Having this said, you are quite correct in that off-topic links should be grouped. Off-topic linking can be a complete waste of effort if you have links to the bridal shop, the local car mechanic, and a restaurant supply place on the same page. This is not arbitrary speculation. Search engines are context sensitive and it is easily determined what pages have what kind of content. A site may or may not be entirely about one subject such as about.com. Therefore, it makes no sense to pidgeon-hole an entire site. The same is not true with regard to a page. Pages that have a wide variety of content will never place well in a search and so it makes sense that the search engines will not be able to determine the value of any page that has a wide variety of links either.
All one has to do is look at the directories themselves to determine this. It's not just an accident that directories such as Blue Find and Yahoo have clout.
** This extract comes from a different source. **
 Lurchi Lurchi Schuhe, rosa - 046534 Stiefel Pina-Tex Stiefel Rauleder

Both directories and search engines have one thing in mind... the consumer. If a directory had multiple topics in one category, it would be worthless to both.
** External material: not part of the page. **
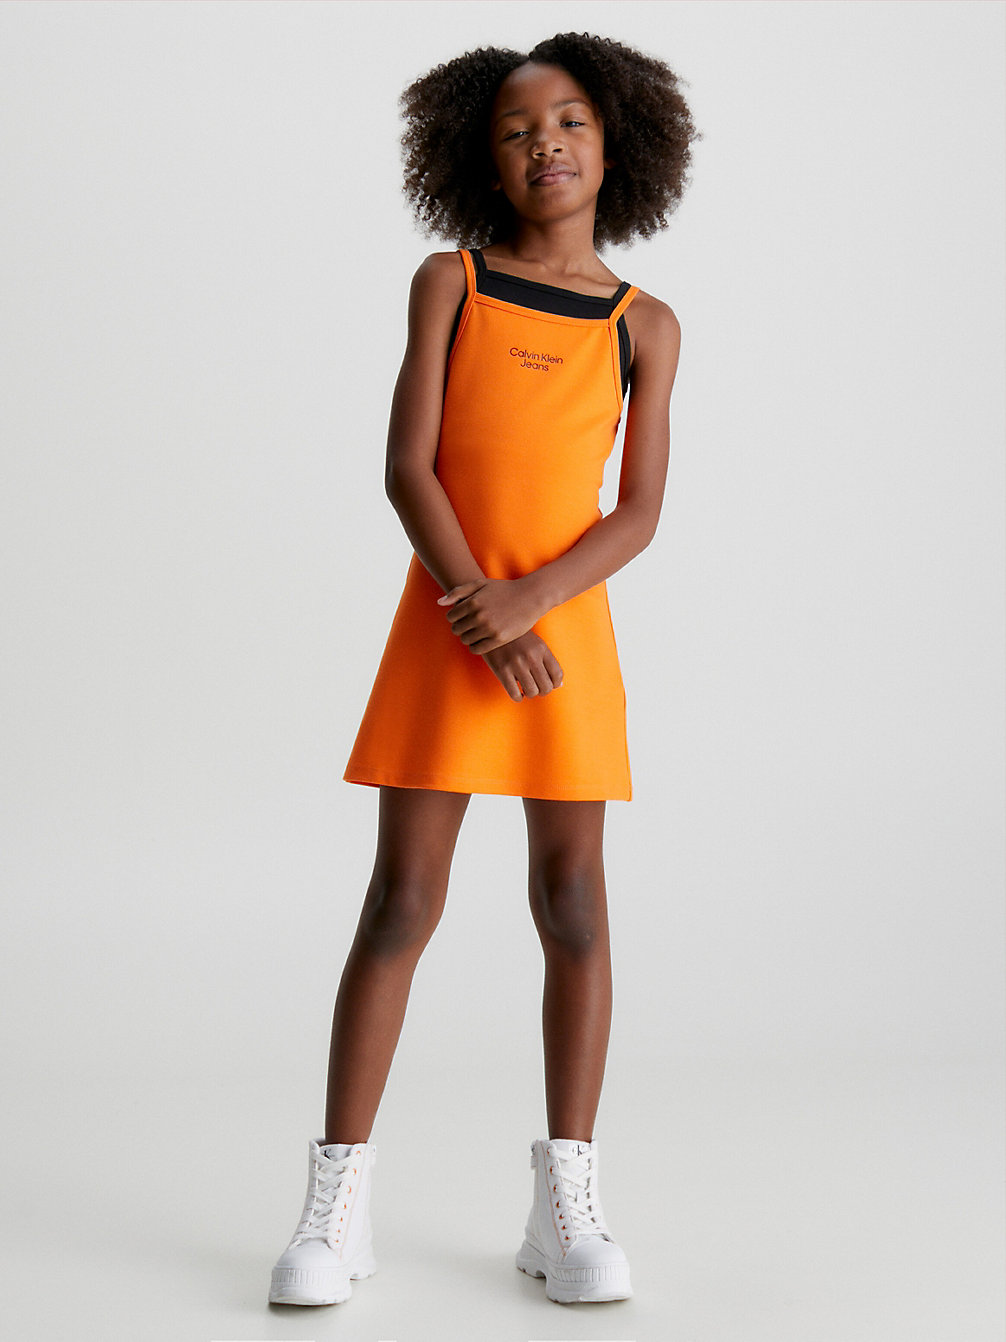 VIBRANT ORANGE Milano Slip Dress undefined girls Calvin Klein

Therefore, if you are interested in finding reciprocals from people who know what they are doing, keep them grouped, use your title and H tags to define the content of the page, and limit the number of links on the page. This page will then have value. People who are searching for reciprocal opportunities and understand this will be attracted to your site, and this gives you the best links from the pages with the highest relevance in return. People who do not understand this will jumble all their links on one page, and links from these pages won't be worth as much.
It should also be emphasized that you need to limit the number of links on any given page. Google says 50, but even at this number, little of any page rank that you have will be given to another site. I limit my off site links at 20 per page and most don't get that far. I'd sooner create another page that carries equal PR and make it effective for whoever I link to. Doing so is recognized by SEOs who understand that the PR of any page is split amongst those pages that it links to. As such, you are much more likely to receive a reciprocal than you are if you have 100 links on the page that will do them no good whatsoever.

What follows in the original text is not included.